Ubuntu Woes: Mouse, Keyboard, and Ethernet Not Recognized At Boot
So I had an interesting problem that I encountered today, and the best part is that since I was able to fix it, I have learned quite a bit more about the inner-workings of Ubuntu Linux.
This single-boot desktop could no longer boot correctly into Ubuntu 14.04. By “correctly,” I mean that it would boot to the normal screen, but the mouse, keyboard, and Ethernet would disconnect as soon as the kernel (and thus the boot screen) would load. Because of this, you couldn’t log in, and even booting into the recovery kernel wouldn’t work. The kernel causing issues was 3.13.0-46-generic.
Fortunately the previous kernel did work! This was 3.13.0-39-generic.
I’m not sure what caused the 3.13.0-46-generic to no longer work, only that in the kernel log output, the following would show up
nano /var/log/kernel.log
Your BIOS is broken; DMAR reported at address fed10000 returns all ones!
Apparently this issue is quite common:
I obviously spent a lot of time reviewing possible solutions.
One of the solutions was to modify the /etc/defaults/grub
file and UEFI:
-
sudo gedit /etc/default/grub
- Change
GRUB_CMDLINE_LINUX="linux"
toGRUB_CMDLINE_LINUX="iommu=soft"
near the top -
sudo update-grub
- Then find some setting in your UEFI regarding iommu and disable it.
Unfortunately I did not have any setting regarding the iommu and adding iommu=soft
into my grub file did not do anything regarding the USB/Ethernet issue.
I attempted to update the kernel so that a new one would be used by default – that didn’t work either. Evidently the /boot partition size was only 56MB or so. Changing the partition size isn’t easy, from what I found. There wasn’t enough space to install the package after download the files I needed. This is also not unheard of:
So what am I do to? There was one only kernel that was used previously, so two total kernels existed. I simply deleted the newest one. I already knew what kernel I wanted to remove, 3.13.0-46-generic, so I did the following:
sudo apt-get purge linux-image-3.13.0-46*.

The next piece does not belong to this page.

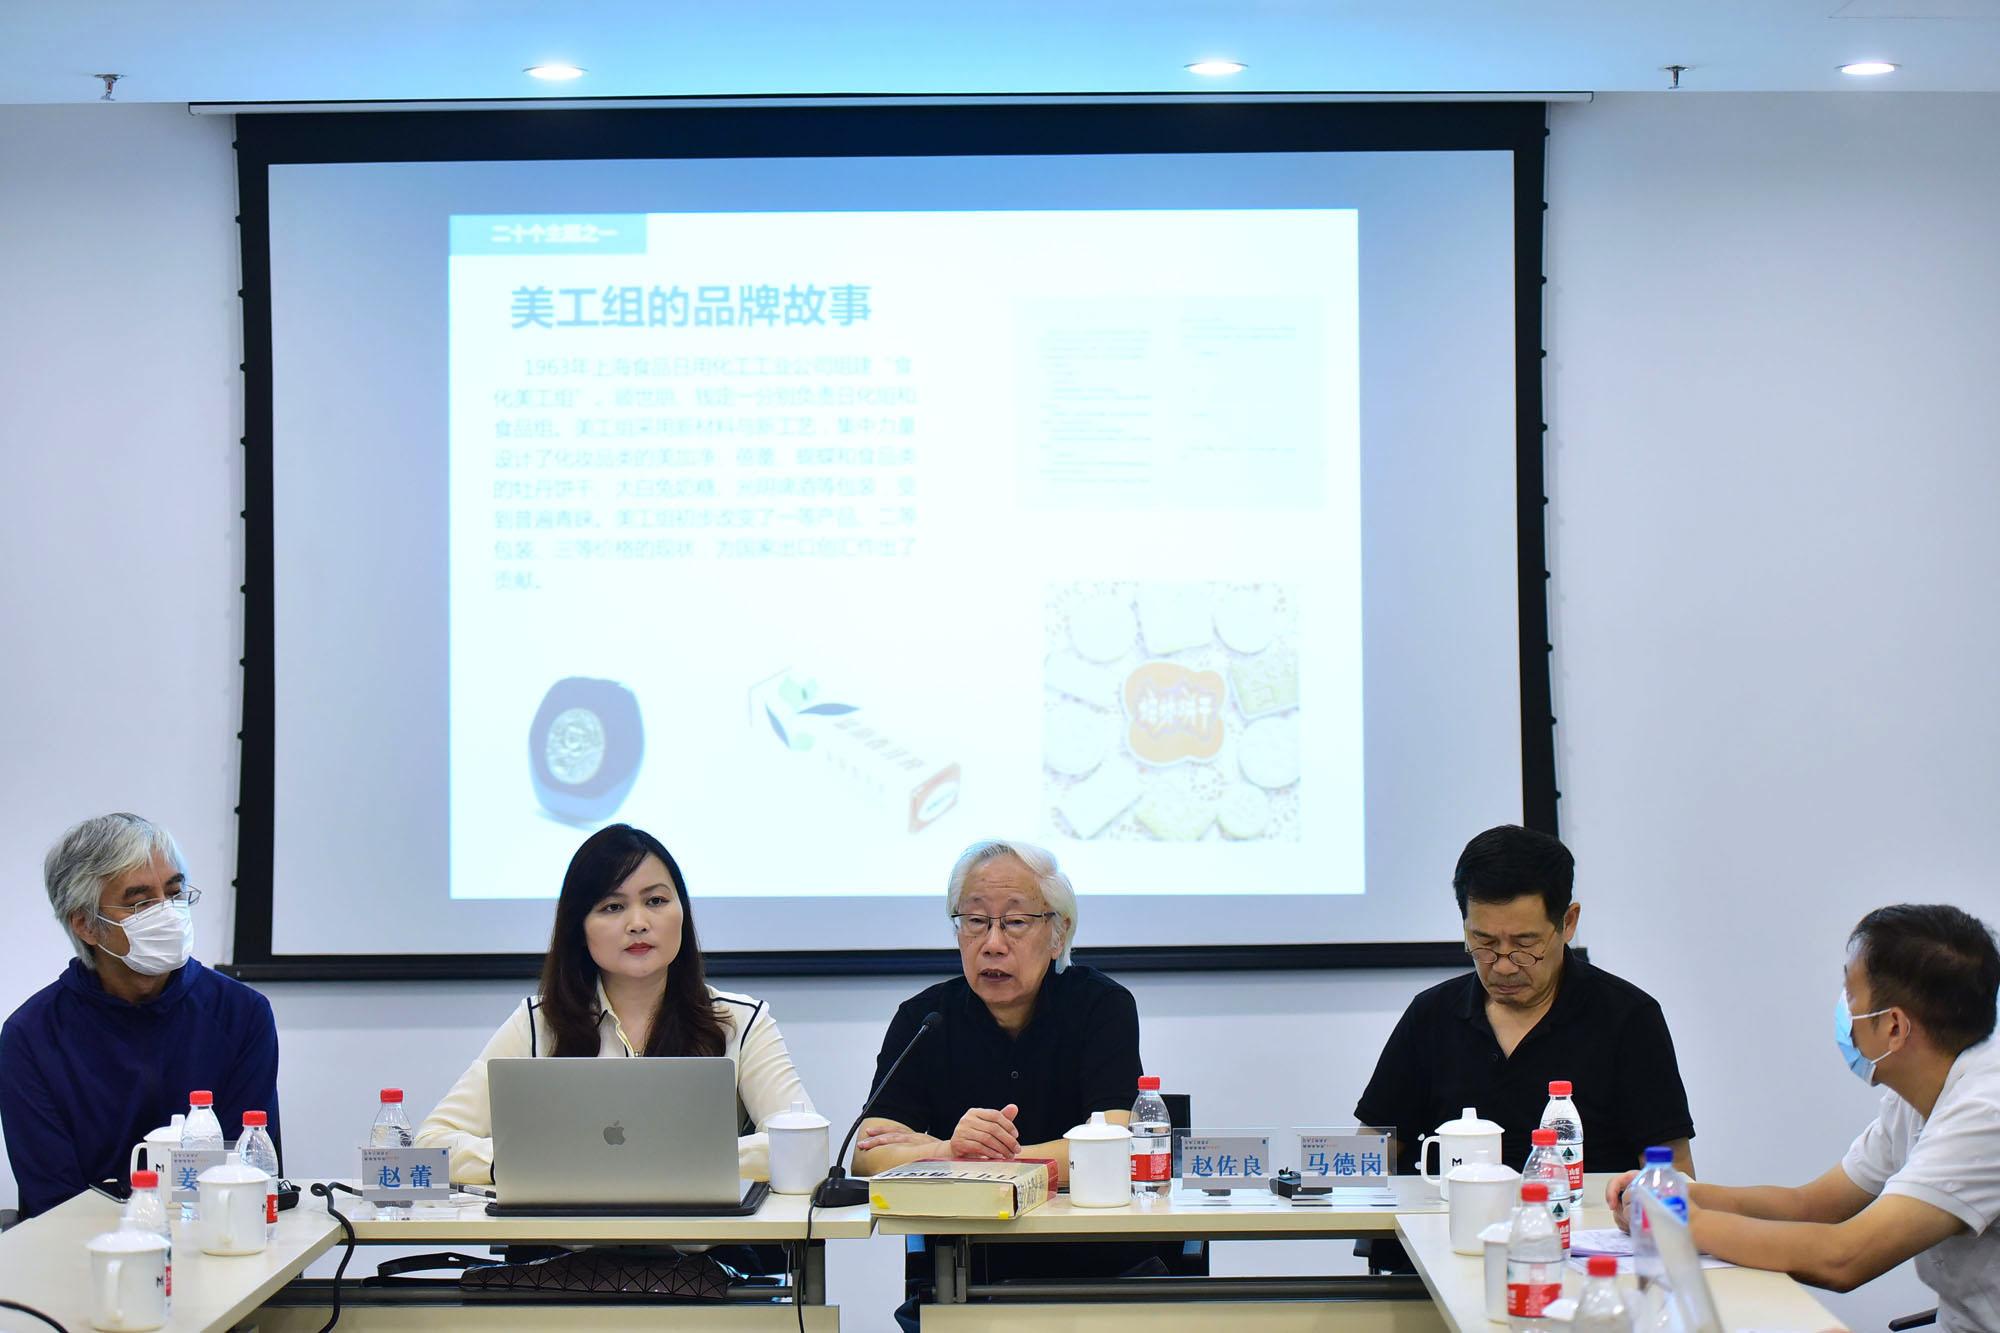 从左至右:姜庆共、赵蕾、赵佐良、马德岗

If you don’t know what kernels are available, first determine what you’re currently using:
uname -r
Then determine what kernel packages are available:
sudo dpkg --list 'linux-image*'
Finally, knowing what you are currently using, and what you want want to remove, do the same command as earlier, where VERSION is whatever kernel version you want to remove:
sudo apt-get purge linux-image-VERSION*.